Güneş batıyor… Sahile kırmızı ışıkları vurmuş… Çöle göre ılık bir hava… Kadın, ayağında terlikler, üstünde kara çarşafıyla kayanın tepesine çıkmış günün batışını izliyor. Bir deli rüzgar esiyor ama rüzgarın hükmettiği kadının ne saçları, ne de kapatması gerekecek eteği…Kadın hala denize bakıyor…

Düşüncelere sansür vurulabilir mi ya da hayatı boyunca insan, yalnız kadın olduğu için cezalandırılabilinir mi?

 

Kadın kocasını düşünüyor. Kocasını severek veya arkadaşlık ederek almadı hayatına. Okula giderken dahi erkekleri akrabalar dışında pek de göremedi çevresinde. Akrabaların içinde ise bu sıkıştırılmışlık, bu birbirinden kaçmak öyle boyutlara gelmişti ki bazen amcasının oğlu O’na talep gösterebilir ya da daha da kötüsü yaşanabilirdi. “Allah korusun!” dedi içinden, belki de bir anda dışından söyledi diye şöyle bir çevresine de bakındı.

Sonra Allah’ın koruyup korumadığını sorguladı, bunu yaparken bile rahatsız oldu; ” Tövbe tövbe, bu da akla gelecek soru mu şimdi? ” Babası Allah korusun diye kızlarını kapatmıştı. Zaten toplumda bunun aksi düşünülemezdi. Abisi Allah korusun diye kız kardeşinin neyi yapıp, neyi yapmayacağına karar vermişti. Hatta, kocasını seçerken bile en iyi arkadaşlarından birini önermişti. Ancak, ailenin pek fazla dışarıya karışmaması için abisinin arkadaşına vermemişlerdi kadını. Kadın susmuştu, ” Allah korusun! ” demişti içinden, yine ya karşısına çok daha beter bir adam çıksaydı?

Kocası iyi bir adamdı, O’na göre tabi. Ortalamalara uyan bir adamdı işte. Aileden gelen servet zaten onlara ömürleri boyunca yeterdi. Kadın, kocasıyla ilk beraber olduğunda ürkek bir ceylanı andırıyordu. Zaten makbulü de oydu. Kadının el sürülmemişi, öpülüp koklanmamışı mübahtı.

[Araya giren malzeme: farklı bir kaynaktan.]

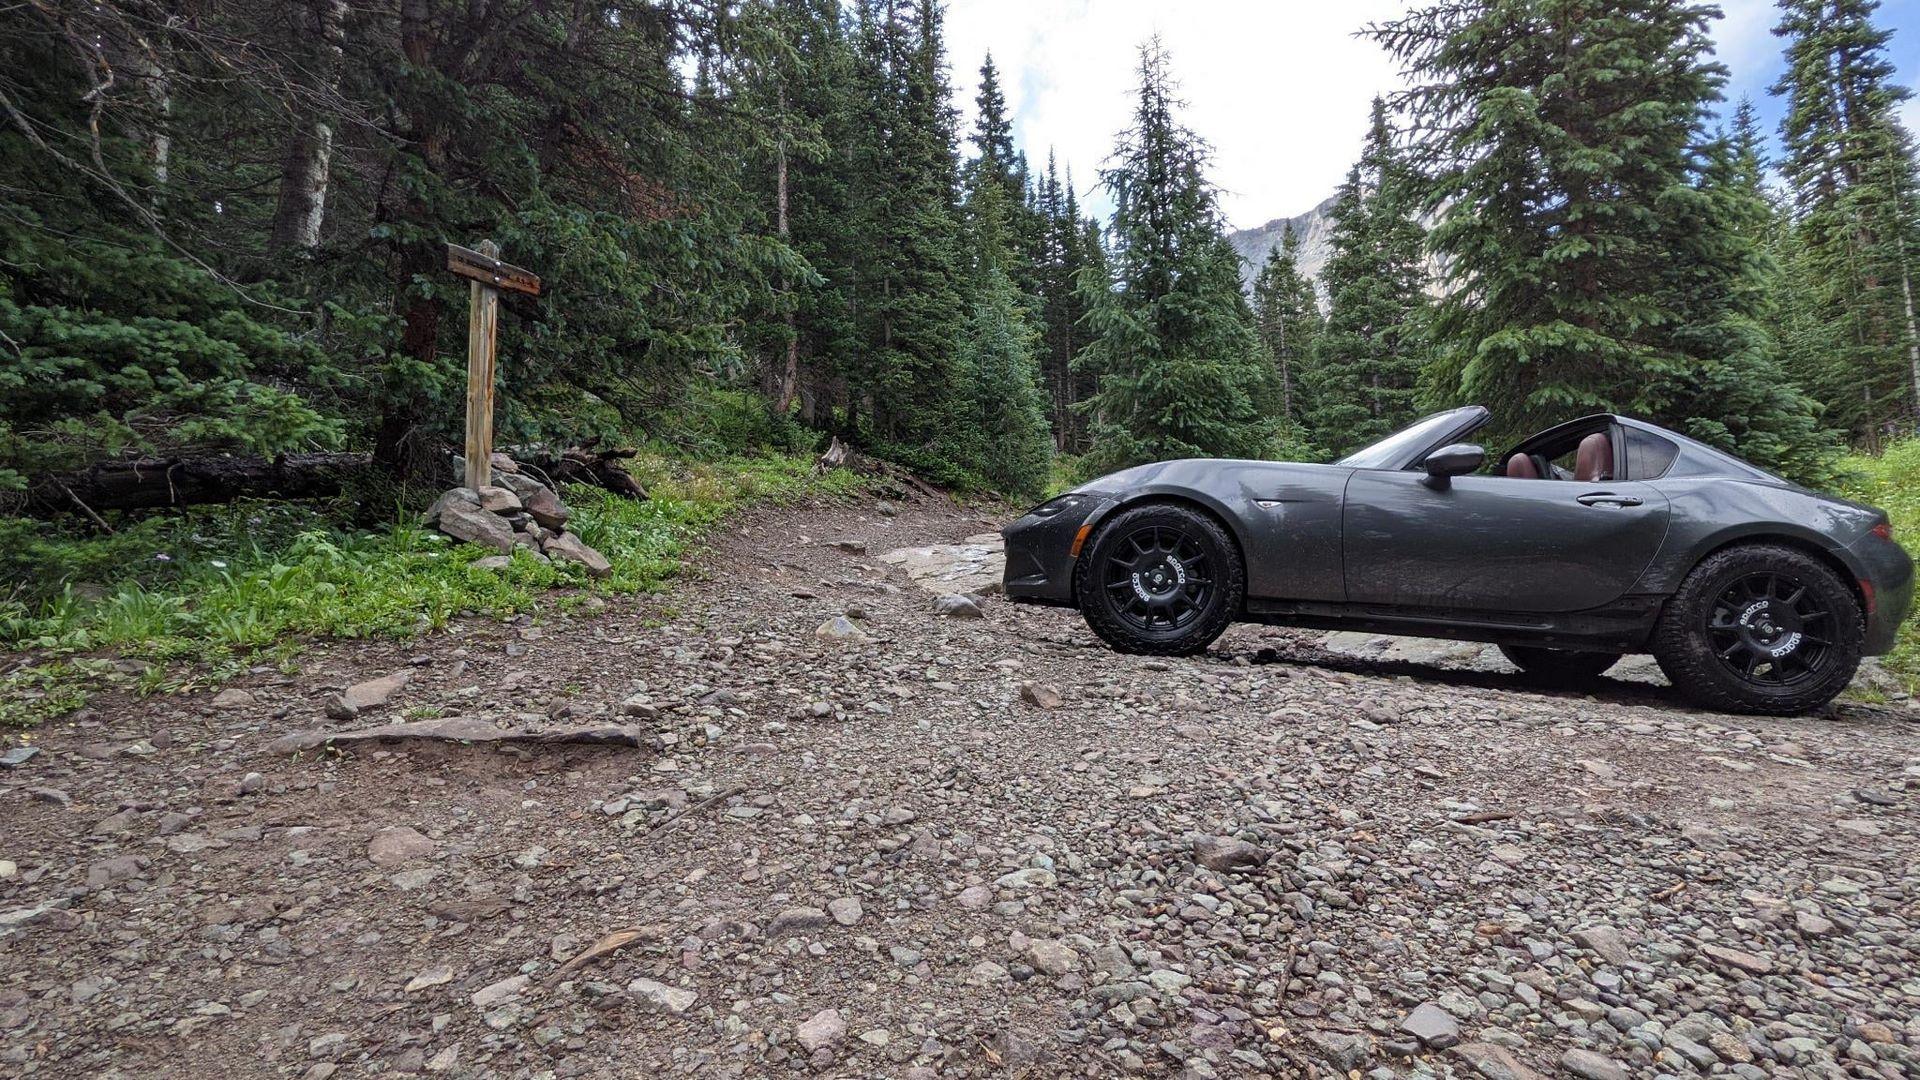 Mazda-MX-5-RF-off-road-6

Erkek, hele de böyle konularda hiç sevmezdi başkalarıyla yarıştırıldığı duygusunu. Anneleri, babaları zaten erkek olarak doğma ayrıcalığını O’na tatttırmışlardı. Biraz büyümeye başladığında altına aldığı son model arabalarla hayatının en güzel zamanlarını geçirmiş, gittiği yerlerde kadına kıza doymuştu ne de olsa. İçkiler de, görünmeden arkadaşlarla içilen sonra hiç yaşanmamış gibi davranılan şeylerdi hayatında. Bu hayat böyleydi. Yaparsın, edersin ama hiç yapmamış gibi de yaşar gidersin. Alan razı satan razı… Sonra gün gelip de evlenme konuları açılmaya başlayınca, amca kızı önerildi gence.

Kız amcaoğluyla beraber büyümüştü zaten. Birbirlerine yemeğe gidip gelirler, tatillerde buluşurlardı. Aslında alternatifsizlik bu gençleri hep birbirlerine mahkum kılmıştı da denilebilir rahatlıkla. Birlikteliğin amacı her iki aile tarafından bilinip, kararlar zaten verildiği için bu yalnızca sembolik bir buluşmaydı. Kızın içi yandı. O’na karşı ne hissettiğini bilmeden kendini evliliğin içinde buluverdi.

Okumak ve gelecek karanlık olduğu için belli bir noktada takılı kalırdı hayatlarında. Ne olacak yani? Okusa çıkıp da eve para mı getirecek düşüncesi ağır basardı hep. Hele hele okula gidip de ailelerden uzaklaşmak, kontrolün bir şekilde zayıflaması demek olduğu için, yalnızca kızlar ilerde doğacak çocuklarına derslerinde yardımcı olabilecek kadar öğrenip, gerisini Allah’a bırakırlardı. Hayatlarında; ” Ben iki tane çocuk istiyorum ya da hiç çocuk yapmayıp dünyayı dolaşacağım, gazeteci olmaya karar verdim” gibi bir alternatifleri de olmadığı için, o konu da yine Allah’ın taktirine bırakılmıştı. Hamile kaldığı zamanı hatırladı, ilk bebeğini gözünde canlandırdı. “İşte demişti, benim yaşam amacım buymuş!” ve hamile kalmaya devam etti.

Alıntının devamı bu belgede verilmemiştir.